*DATA FOR THIS TASK*:
----------------

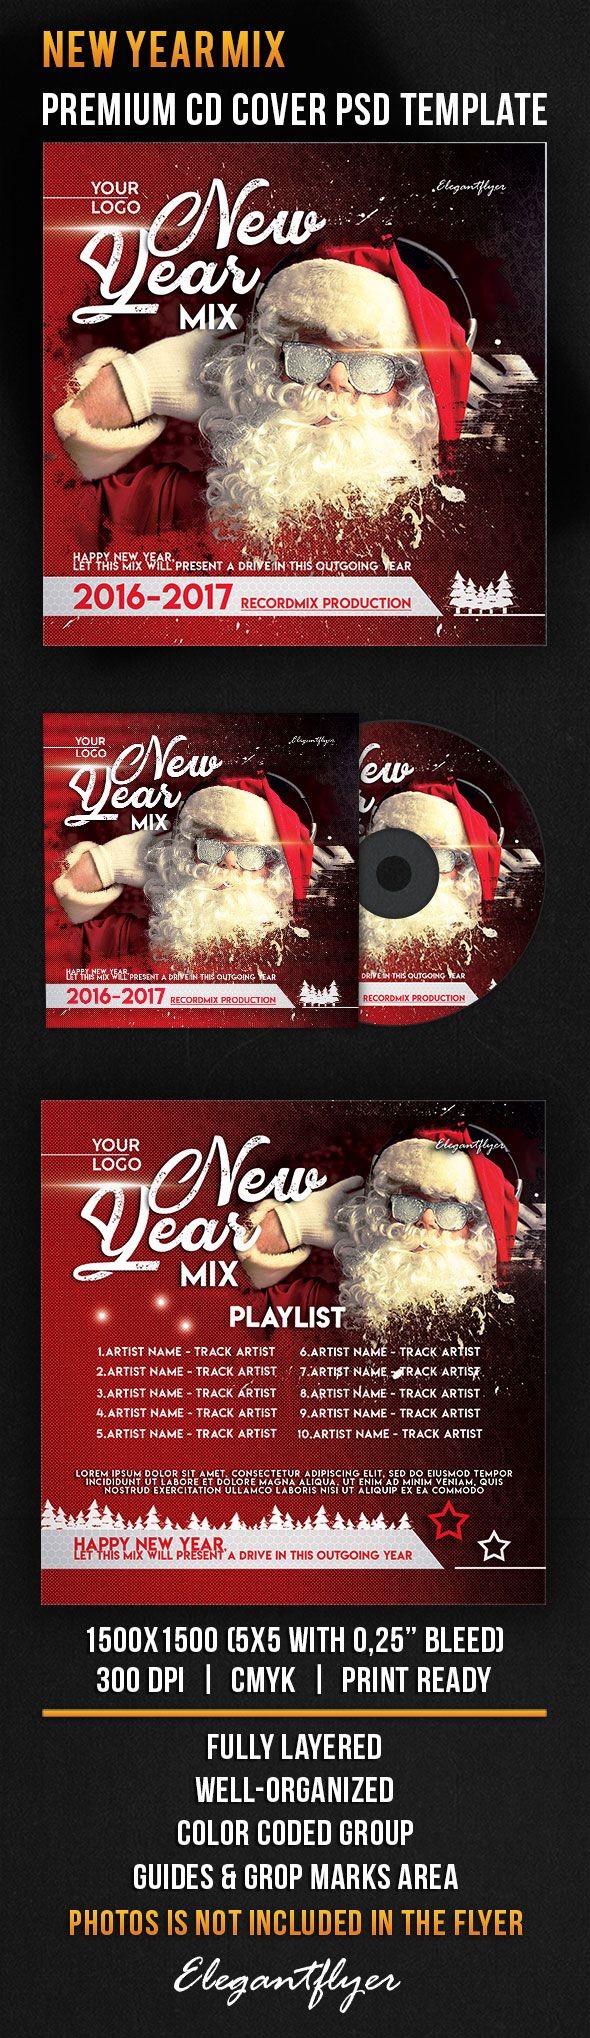 New Year Mix by ElegantFlyer
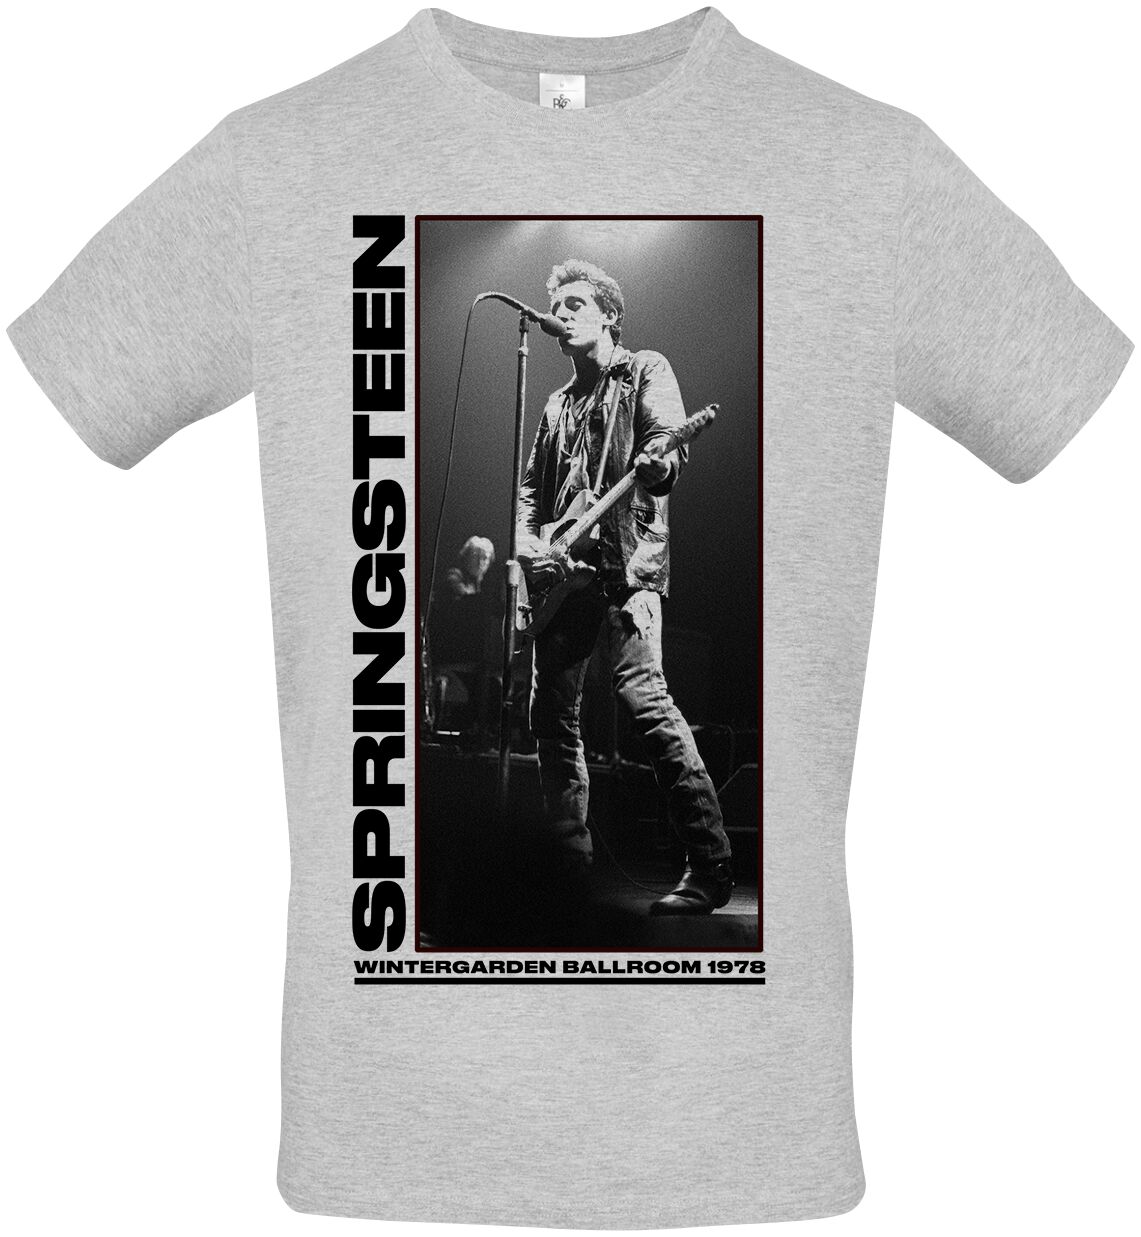 Bruce Springsteen T-Shirt - Wintergarden Photo - S bis XXL - für Männer - Größe XXL - grau meliert  - Lizenziertes Merchandise!
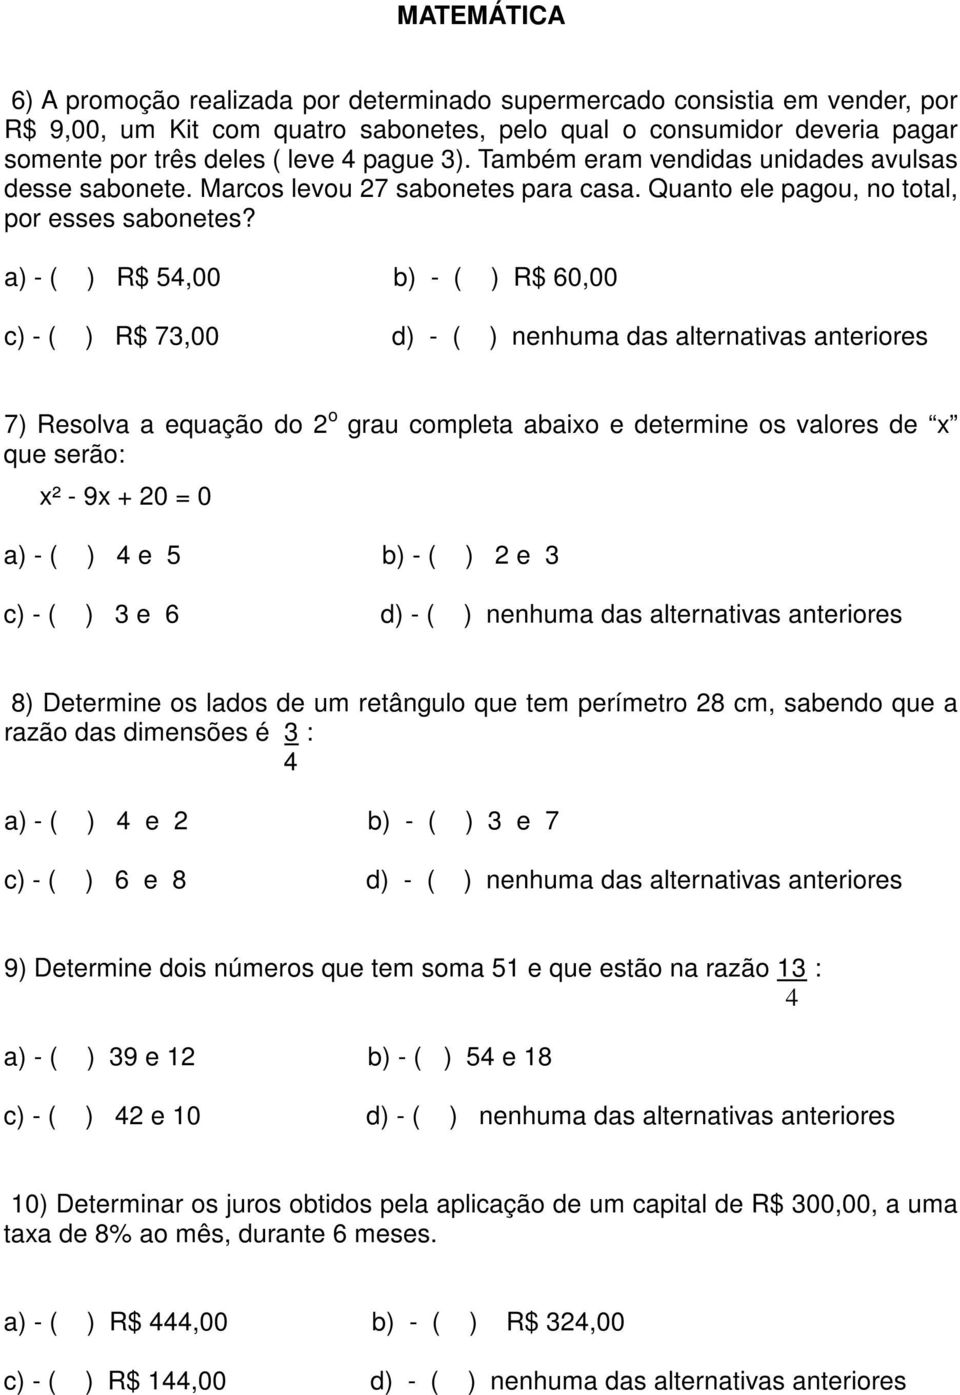 a) - ( ) R$ 54,00 b) - ( ) R$ 60,00 c) - ( ) R$ 73,00 d) - ( ) nenhuma das alternativas anteriores 7) Resolva a equação do 2 o grau completa abaixo e determine os valores de x que serão: x² - 9x + 20
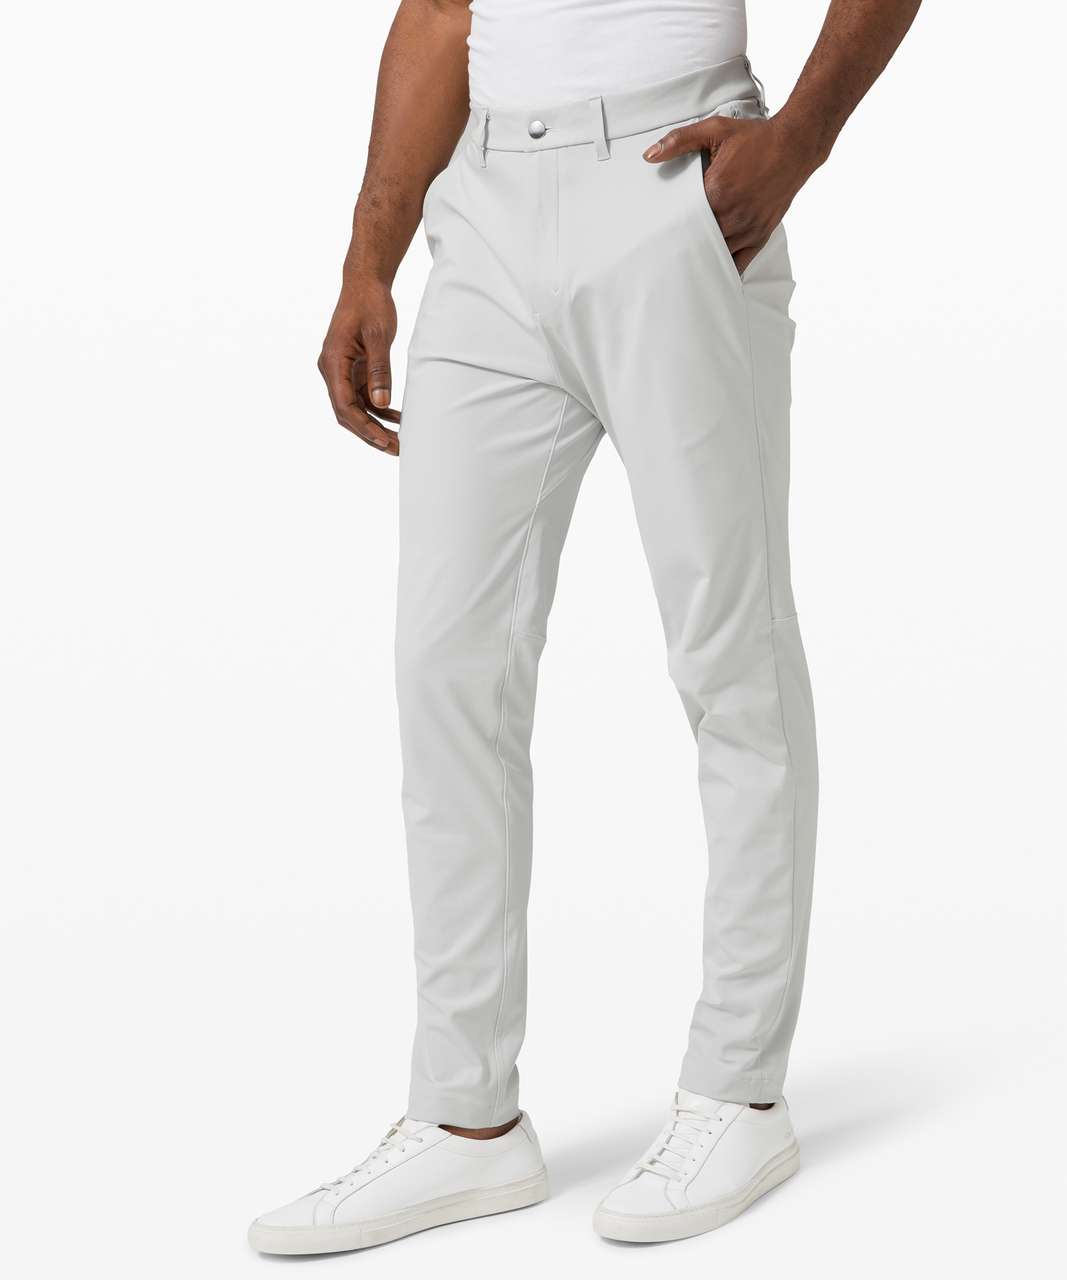 Lululemon athletica Commission Slim-Fit Pant 34 *Warpstreme, Men's  Trousers
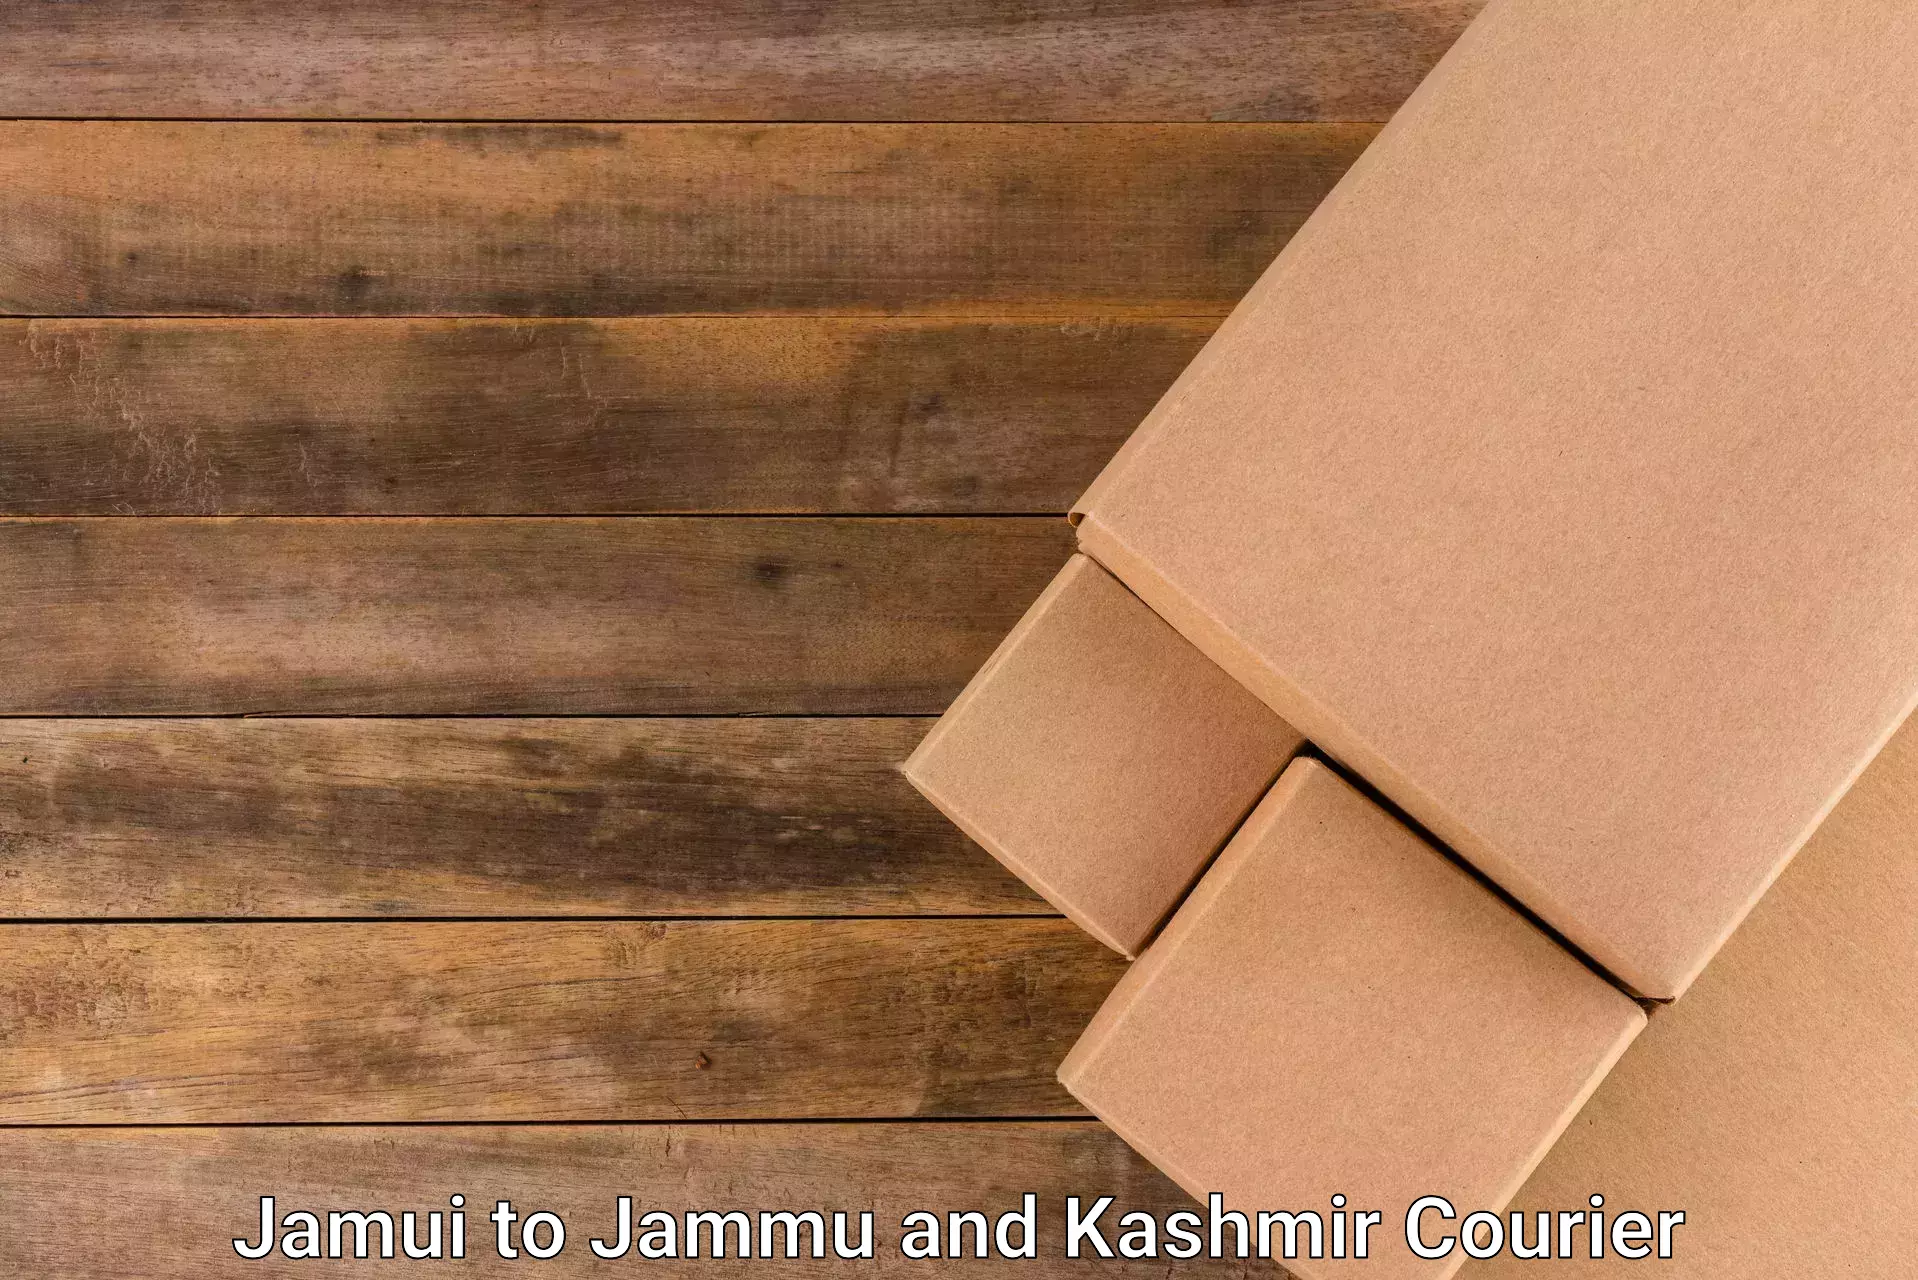 Package forwarding Jamui to Bhaderwah

----------------

*PROBLEM DETAILS*: From the line containing "Lululemon athletica Commission" down to the final line of the records above, restate every line word for word, add nothing, and skip the pictures.

*SOLUTION BELOW*:
 Lululemon athletica Commission Slim-Fit Pant 34 *Warpstreme, Men's  Trousers
 Package forwarding Jamui to Bhaderwah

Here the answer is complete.